The question again arises whether the posthumous awards of the national honours of GCFR and GCON to Chief Abiola and Chief Fawehinmi respectively accord or are consistent with the law of the land – National Honours Act. The Act does not, by its express provisions, authorise posthumous awards, nor do those provisions give any indication that they contemplate posthumous awards. The indication is, indeed, to the contrary; it (the indication) comes from the provision that “a person,” meaning a living, not a dead person, “shall not be eligible for appointment to any rank of an Order unless he is a citizen of Nigeria” and that “a person shall be appointed to a particular rank of an Order when he receives from the President in person at an investiture held for the purpose (a) the insignia appropriate for that rank; and (b) an instrument under the hand of the President and the public seal of the Federation declaring him to be appointed to that rank.”
The words “when he receives from the president in person” exclude posthumous awards, a view that derives support from the fact that no posthumous award had ever been made in the past to any one before the awards to Chief Abiola and Chief Fawehinmi. There is, however, a provision in the Act that seems to give a lot of leeway to the President. It says: “The President may, by warrant, make provision for the award of titles of honour, decorations and dignities.” It may be that posthumous awards are not authorized by the Act as a matter of policy decision. If so the Act needs to be amended to change the policy.

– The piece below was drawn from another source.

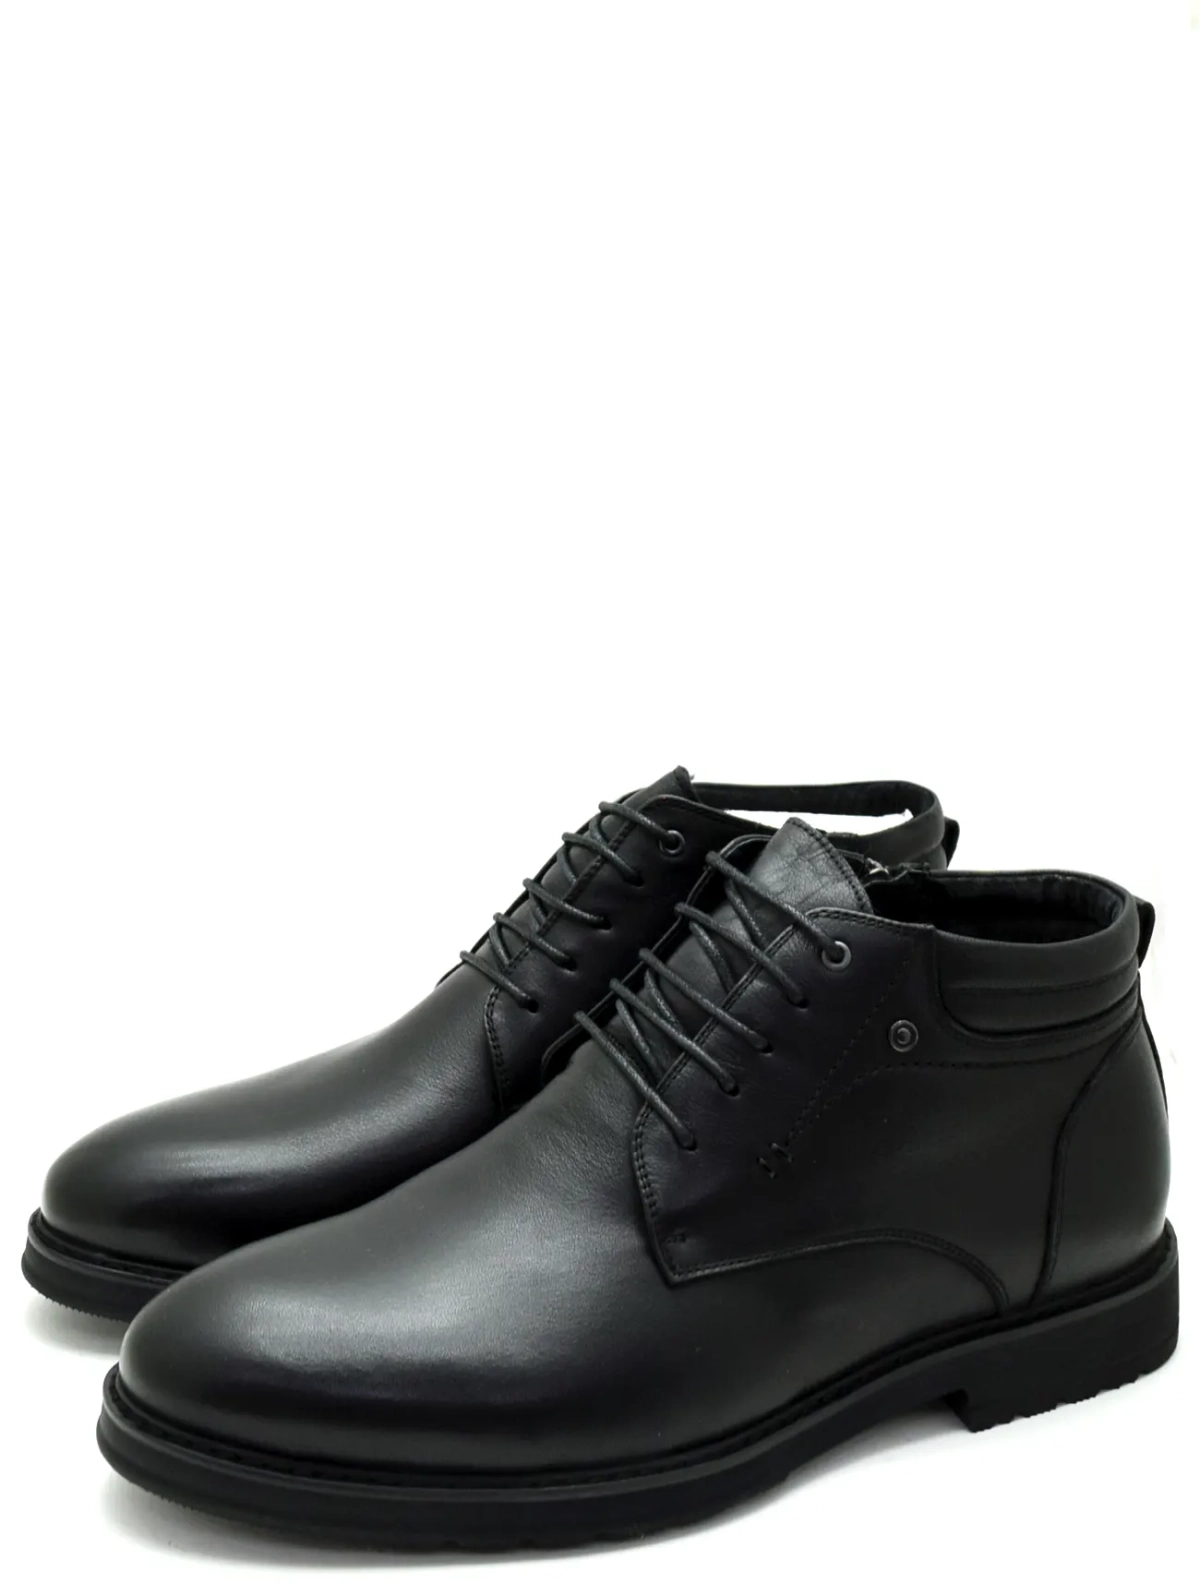 Baden R239-010 мужские ботинки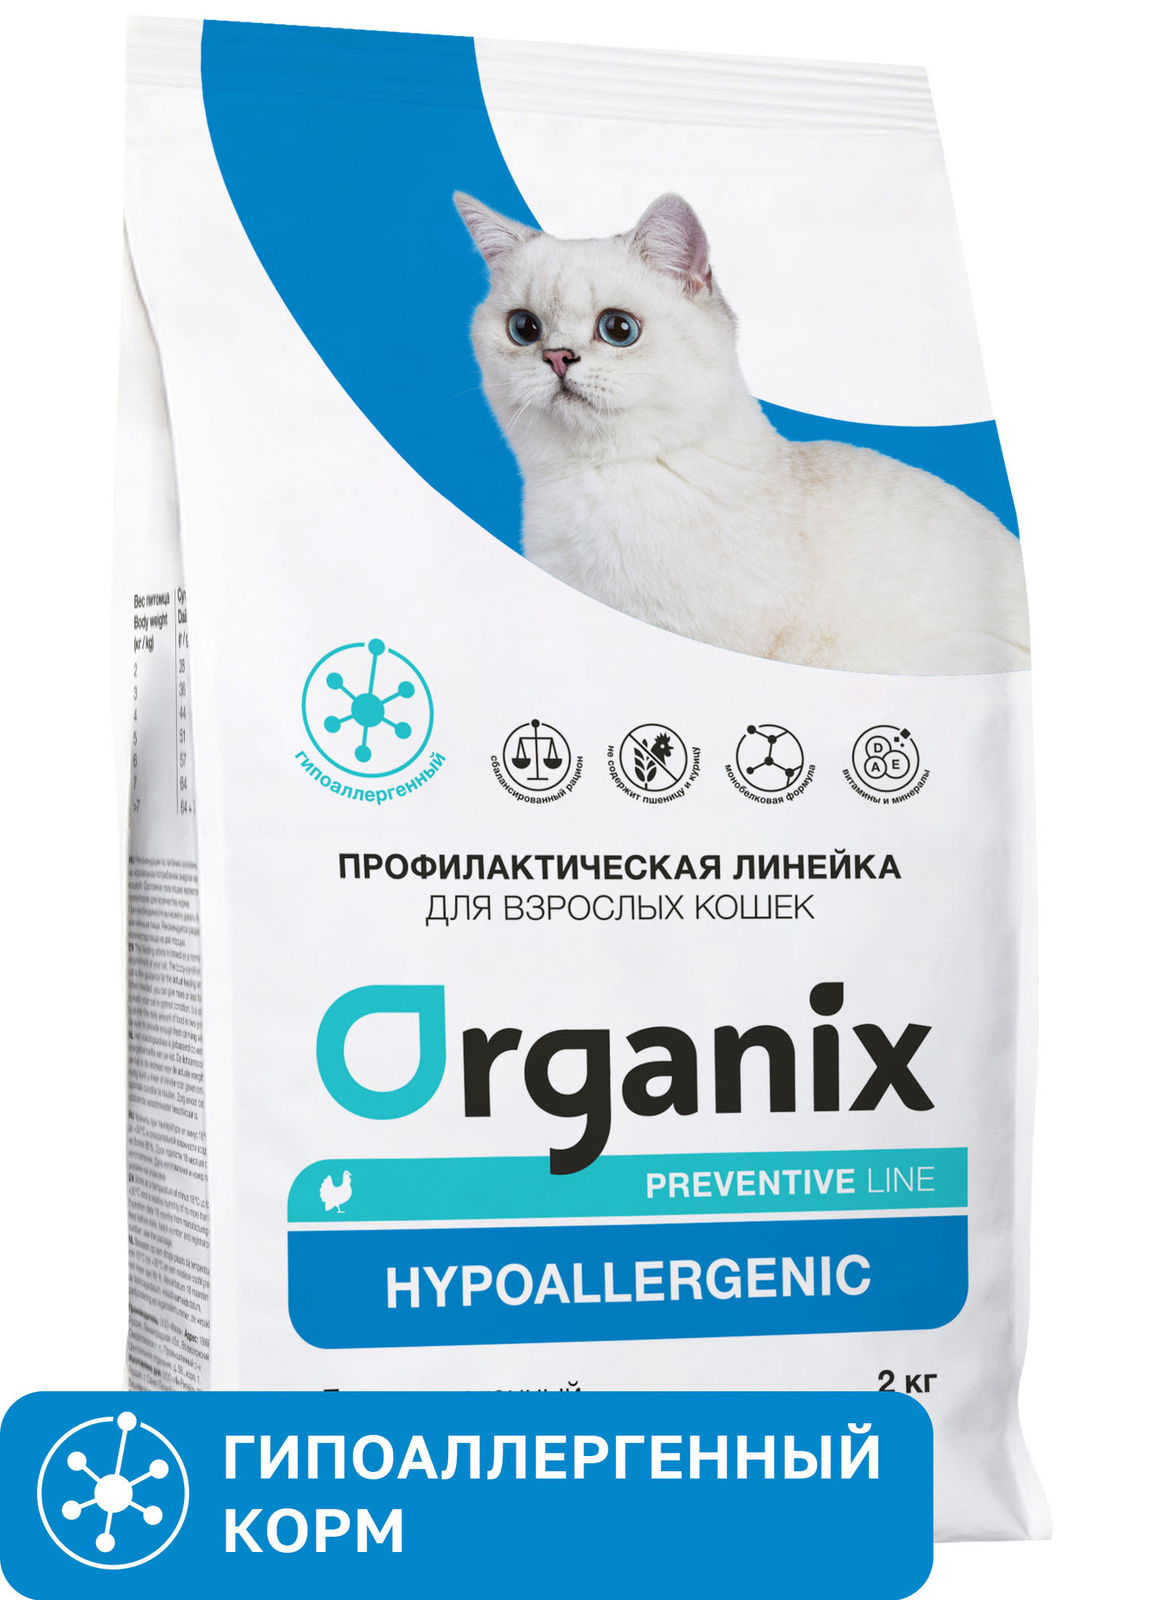 Organix Preventive Line Organix Preventive Line hypoallergenic сухой корм для кошек Гипоаллергенный (600 г) organix preventive line organix preventive line hepatic сухой корм для кошек поддержание здоровья печени 600 г

President Buhari could not have been more disdainful, and more careless, he could not have made a greater mockery, of the Rule of Law than by his announcement on June 6, 2018 of the decision of the Federal Government that “henceforth June 12 will be celebrated as Democracy Day,” knowing, as he well does, that May 29 is enacted by law, the Public Holidays Act, as Democracy Day, and that that could not be changed to June 12, except by amendment of the Act, not by mere presidential declaration; and that his wishes, intentions and whims, however pure and benevolent, are not law, as in the days of the absolutist military dictatorship when laws could be made simply by word of mouth, later to be put in written form by Decree or Edict. It is incredible that, knowing all this but still believing himself to be an absolute ruler, he went ahead to organize the farce of commemoration ceremony on June 12 at the Banquet Hall of the Presidential Villa. His perception of himself as absolute ruler is antithetical to constitutional democracy, and constitutes a danger to the country. He should be made to shed that perception of himself.
•Professor Nwabueze is former Minister of Education.